Information shown:
+ + + + +

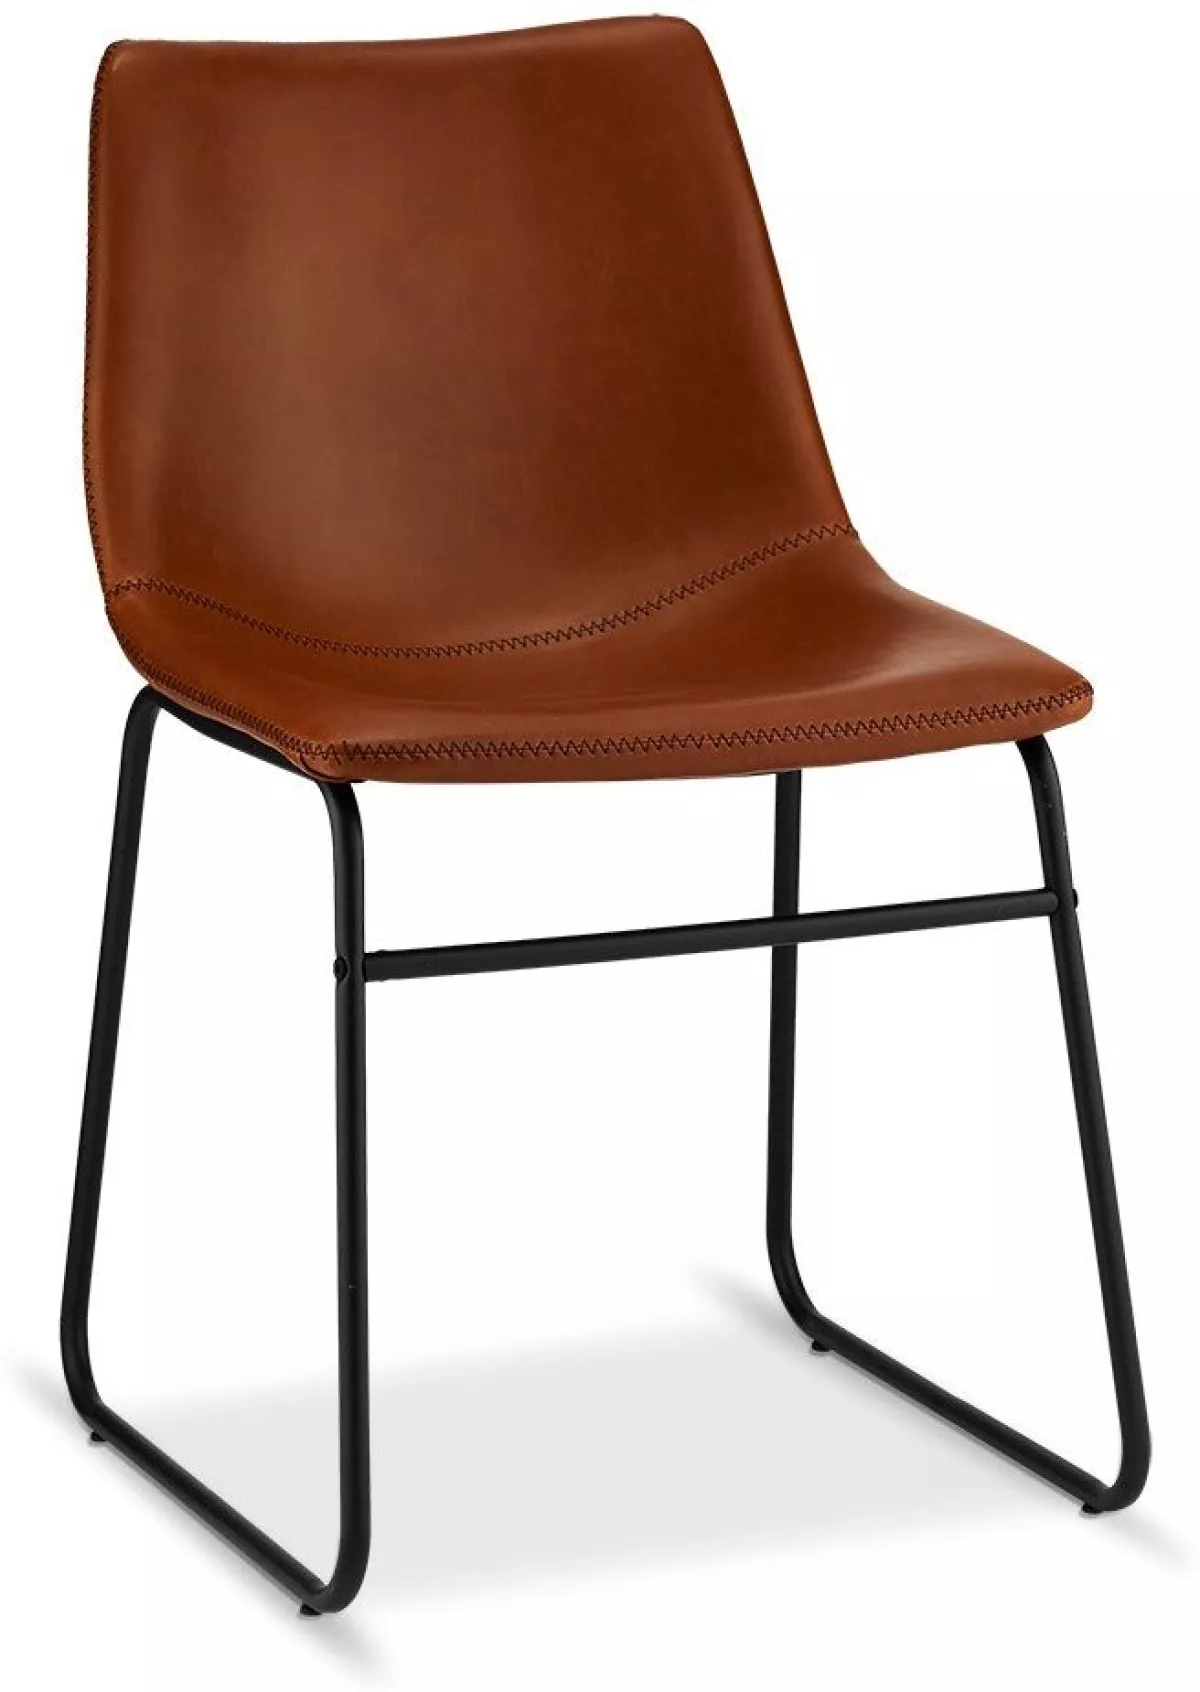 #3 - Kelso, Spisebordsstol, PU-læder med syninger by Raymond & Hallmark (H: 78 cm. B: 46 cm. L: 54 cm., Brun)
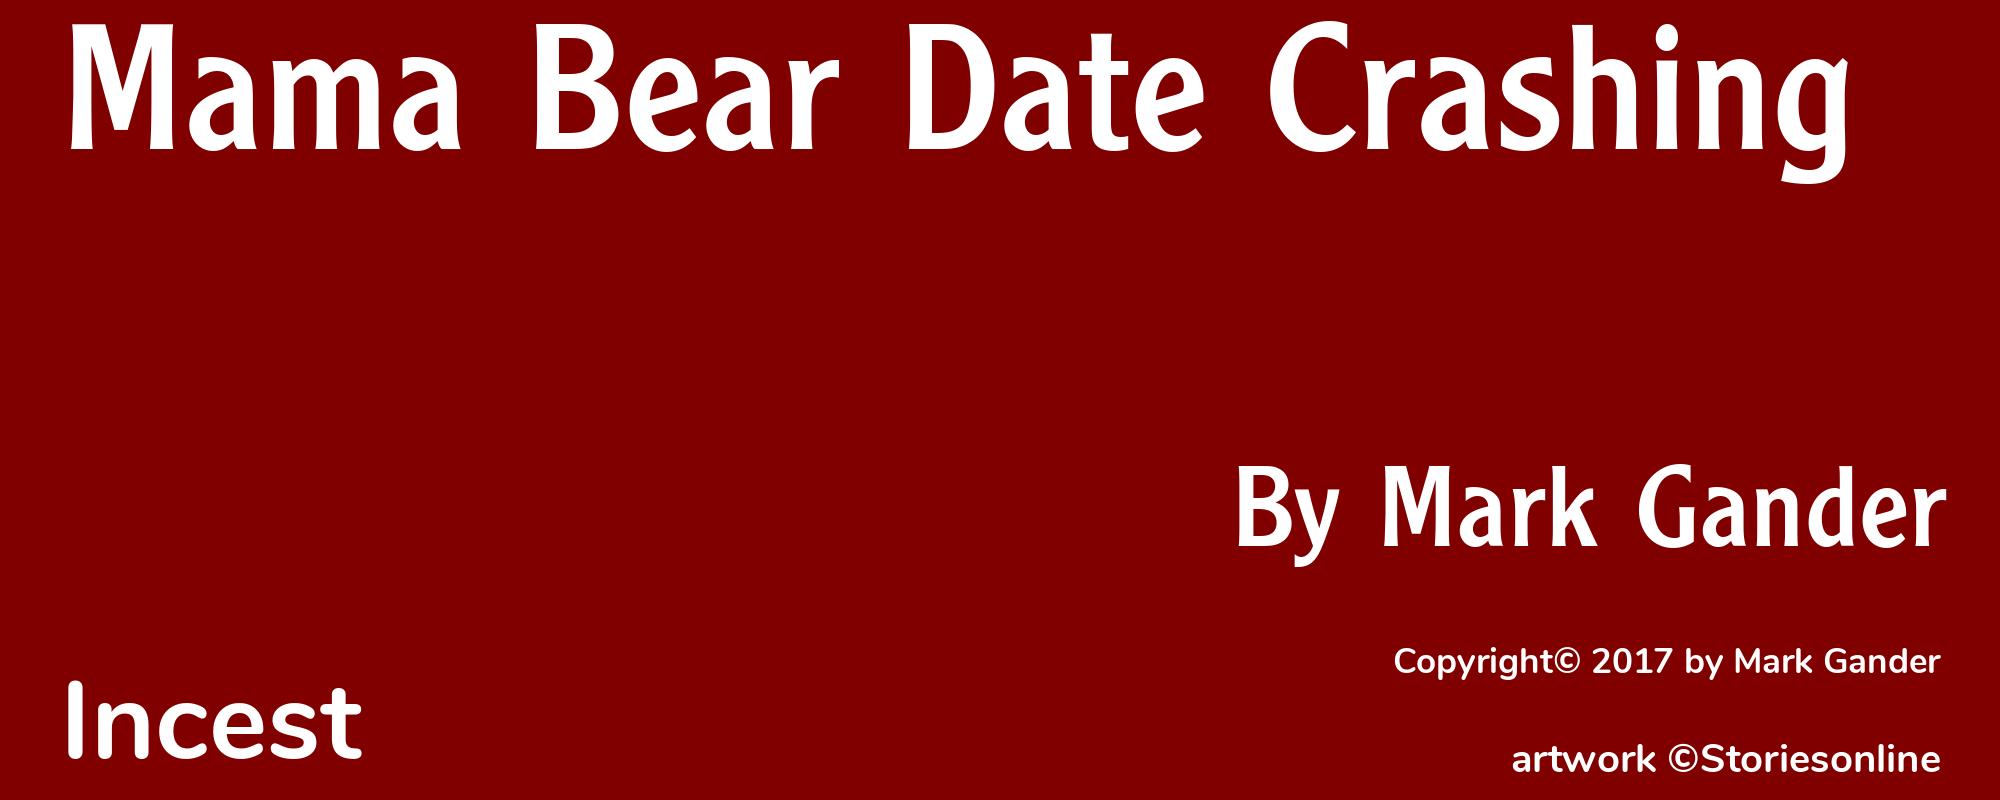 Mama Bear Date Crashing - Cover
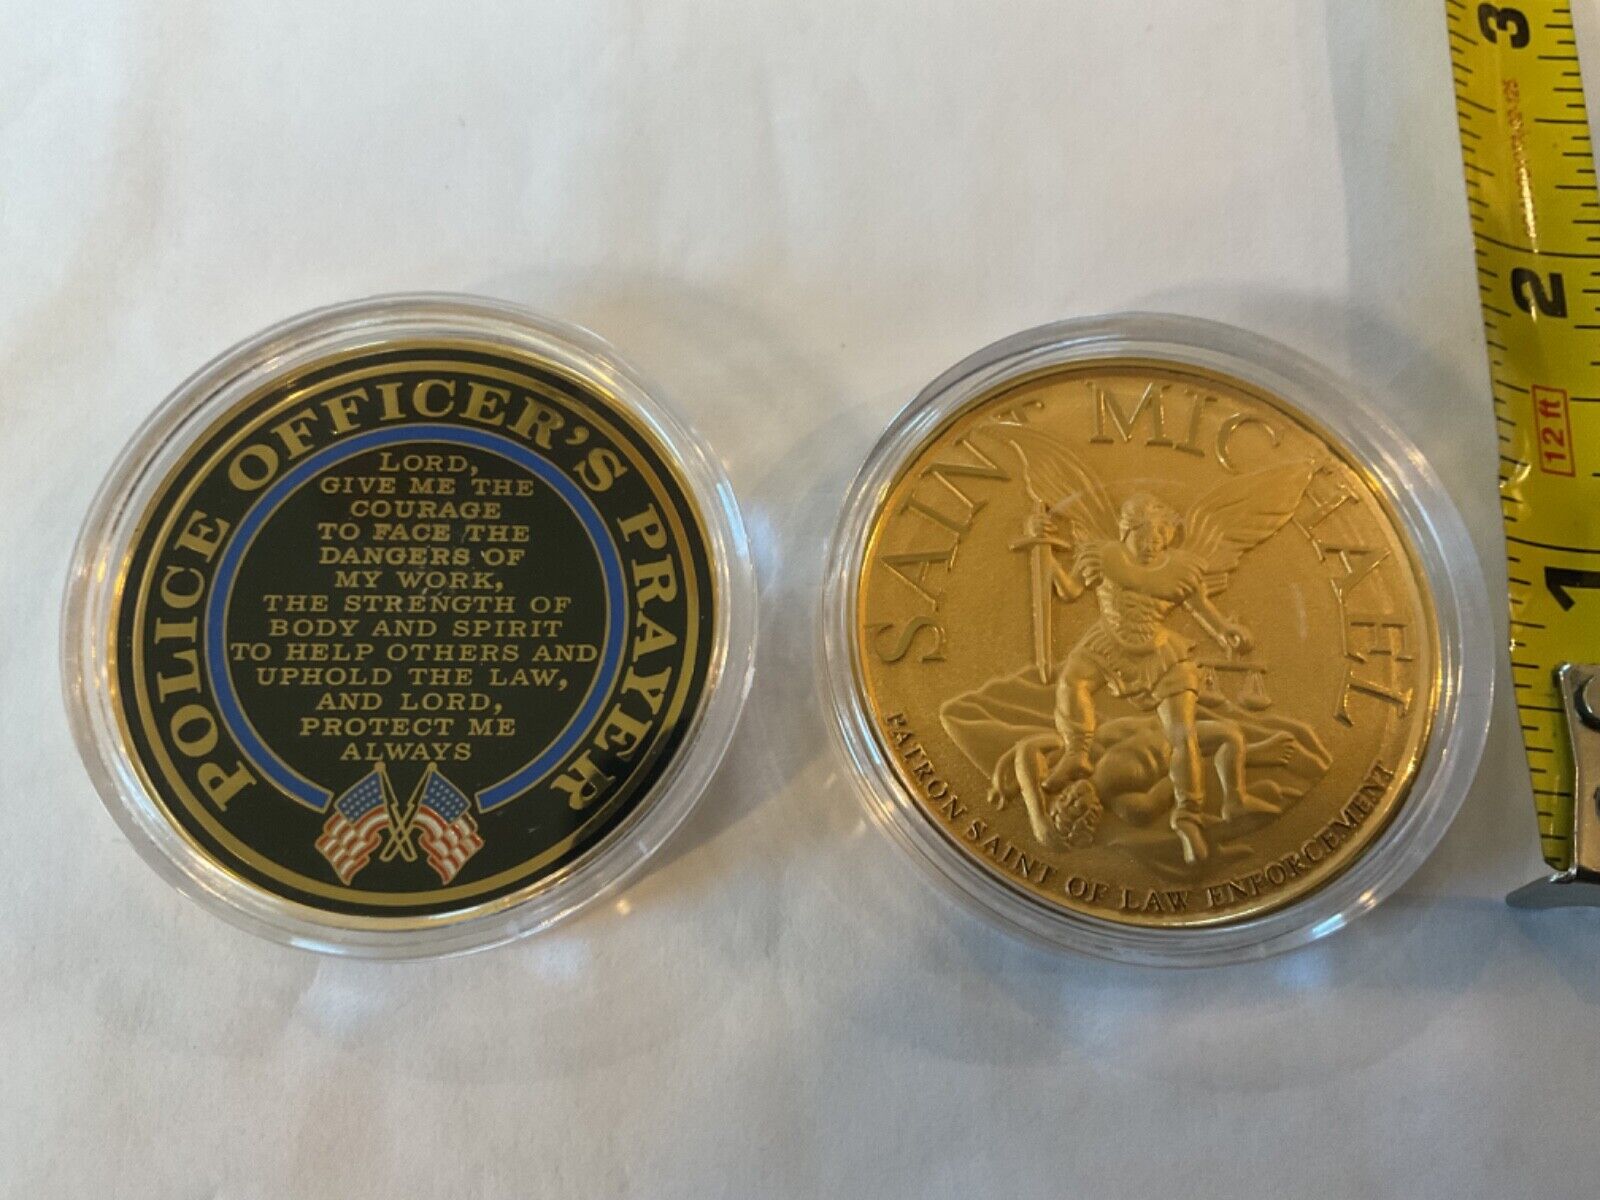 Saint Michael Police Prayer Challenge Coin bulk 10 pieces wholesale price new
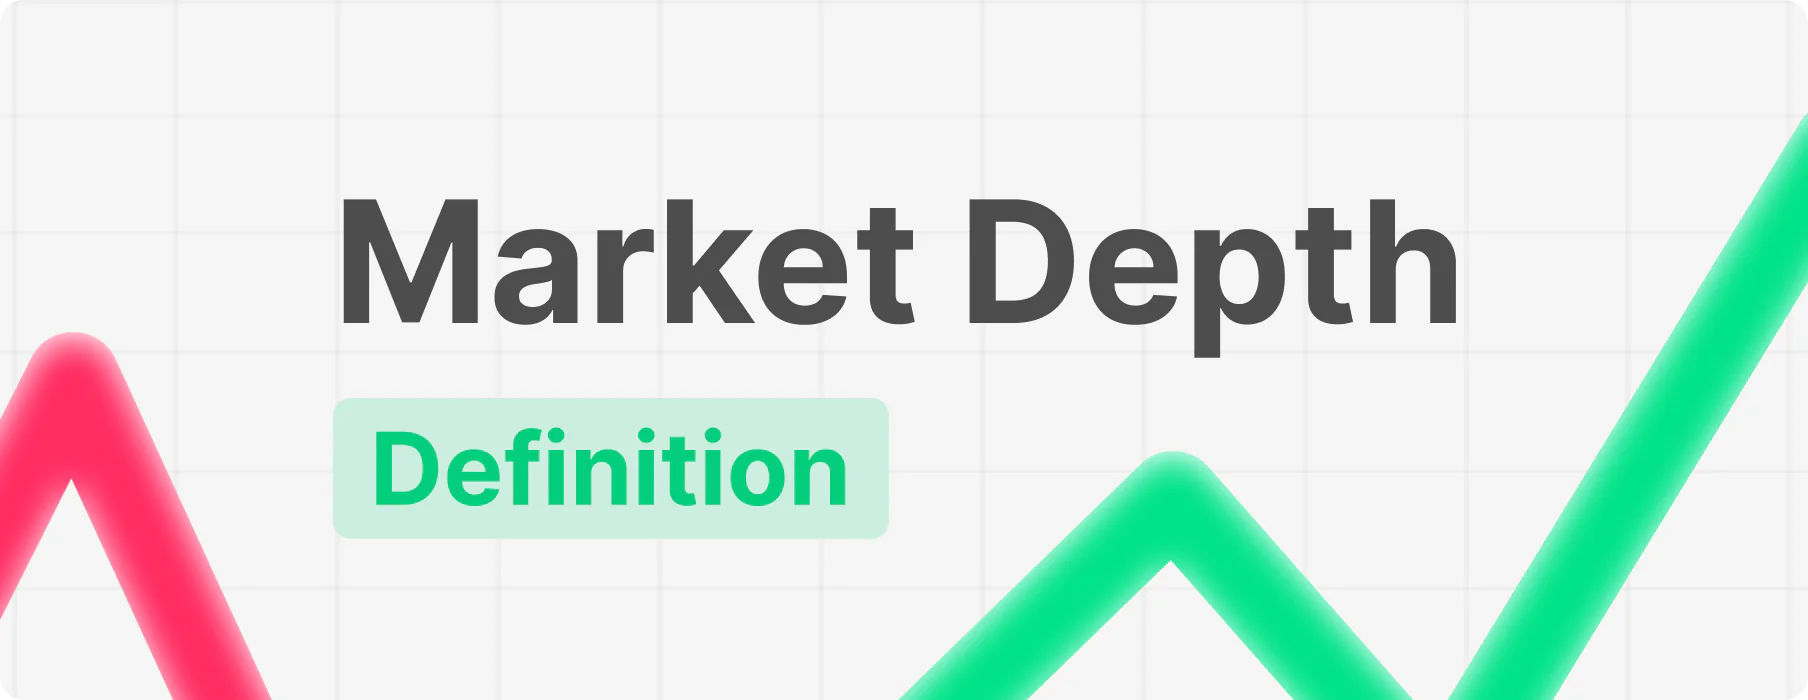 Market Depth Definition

+ + + + +

Activity:
Repeat the listing exactly; do not print any picture.

Exercise result:
 #3 - Kelso, Spisebordsstol, PU-læder med syninger by Raymond & Hallmark (H: 78 cm. B: 46 cm. L: 54 cm., Brun)
 Mama Bear Date Crashing - Cover
 Saint Michael Police Prayer Challenge Coin bulk 10 pieces wholesale price new
 Market Depth Definition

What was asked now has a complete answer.